World Wide Technologies Reference Architecture
World Wide Technologies Reference Architecture

 

The role of pervasive security is ubiquitous in the WWT reference architecture and is based on the assumption that to live securely in public spaces, each device needs to be a trusted platform that doesn’t compromise the security of the whole platform.  With numerous examples of attacks on IoT platforms that use shared keys, store keys in firmware, or perform cryptography in code, WWT mitigates these scenarios by incorporating a secure cryptographic key storage and a secure cryptographic processor.

As a case study, Ben explained how WWT partnered with Fybr to implement a solution for road condition monitoring in a mining operation that involved optimizing the transportation system for the mining trucks which included obtaining data from the truck engines as well as data on road conditions and other factors.  WWT was able to bring together data from 15 siloed sources on the Fybr platform, including the 200 sensors mounted on each truck, to provide cost savings o US $350,000 per engine on the mining trucks, as well as significant cost reductions related to reduced cycle times and increases in availability.  

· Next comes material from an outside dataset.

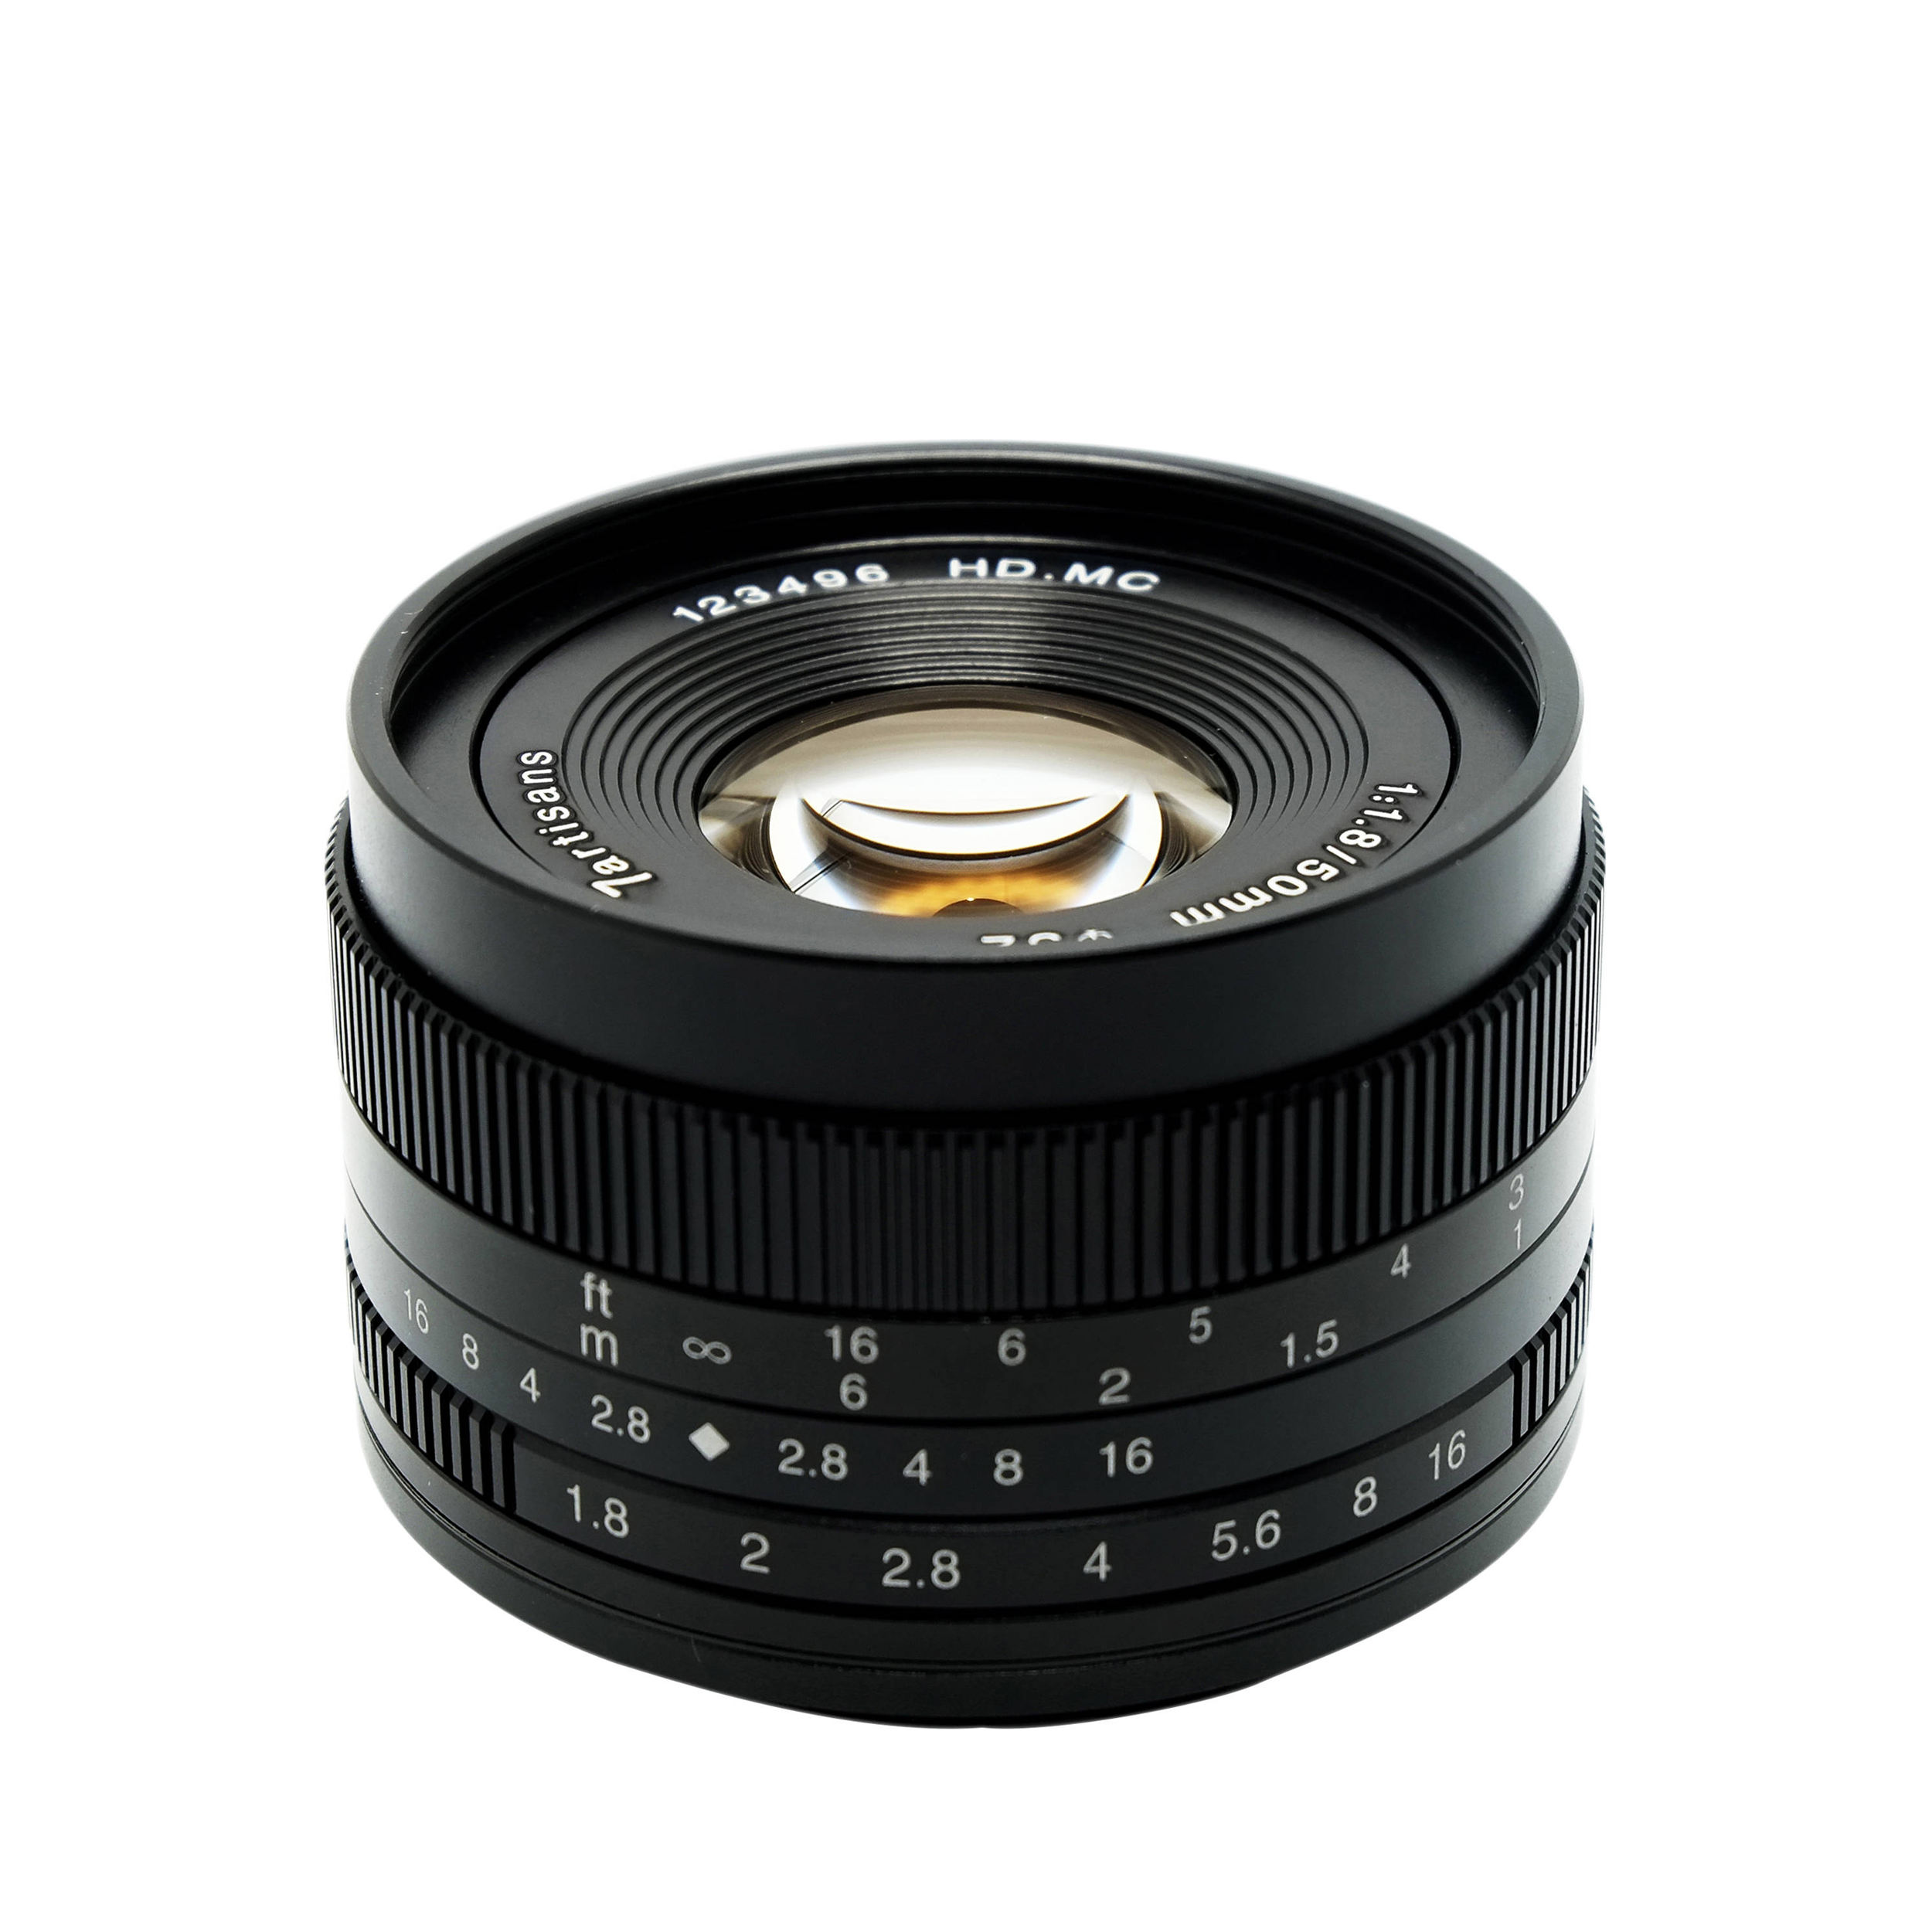 7artisans Photoelectric 50mm f/1.8 Lens for Micro Four Thirds Mount

Integrated Network Concepts Offers Valuable Advice on Evaluating Smart City Platforms

Anthony Veri of Integrated Network Concepts gave a detailed presentation on his company’s view of what a smart city platform is, what it can do, and how smart city platforms differ from overall IoT platforms.  Anthony characterized smart city platforms as operating on a single pane of glass to display data collected from various sources (i.e. smart technology, AI, IoT sensors) across multiple applications, agencies, and departments to aid in intelligent decision making.  Smart City Platforms can display new (previously unknown) raw data and to display actionable data, such as alarms, alerts, areas of concern, outliers, and inefficiencies via IoT Cloud applications and analytic software.  

IoT Platforms focus on collecting and displaying IoT data from diverse sources.  IoT Platforms can be an entity on their own.  Vendor agnostic connecting to many different sensors & gateways.  They can also be part of a company’s full IoT solution where they sell the sensors, gateways, platform, cloud, and analytics.  Smart City Platforms are more encompassing of all city infrastructure, departments, and services.  They should be more advanced and capable of handling more data.  With access to a wide variety of data, the security of Smart City Platforms is even more important as the Digital Transformation continues.

Integrated Network Concepts Shows the Impact of IoT on Smart City Platforms
Integrated Network Concepts Shows the Impact of IoT on Smart City Platforms

 

Anthony also included a section on selecting smart city suppliers, which can be a difficult task for many end users/owner-operators.  There are many proprietary smart city platforms, and each has its own unique capabilities and limitations.  Sometimes customization is not available or cost-prohibitive.  The advantage of proprietary smart city platforms is that they have been tested and developed for long periods of time to perform accordingly.  Many cities don’t have the talent or time to do this on their own.  Every vendor’s marketing material says they are the best, but it’s up to the end-user to evaluate the offering and determine if the supplier meets the specific requirements of their city.  It’s also up to the end-user to determine what the potential economic benefits and ROI of the smart city platform are.  

Panel Discussion Notes

After the presentations, all the presenters plus additional panelists participated in a good discussion, where we got lots of questions from the audience.  Additional panelists included Matt Willenbrink of Fybr, James Caton of SAS, and Peter Murray of Dense Networks.  We will post the link to the video from this panel discussion once the YouTube videos are available.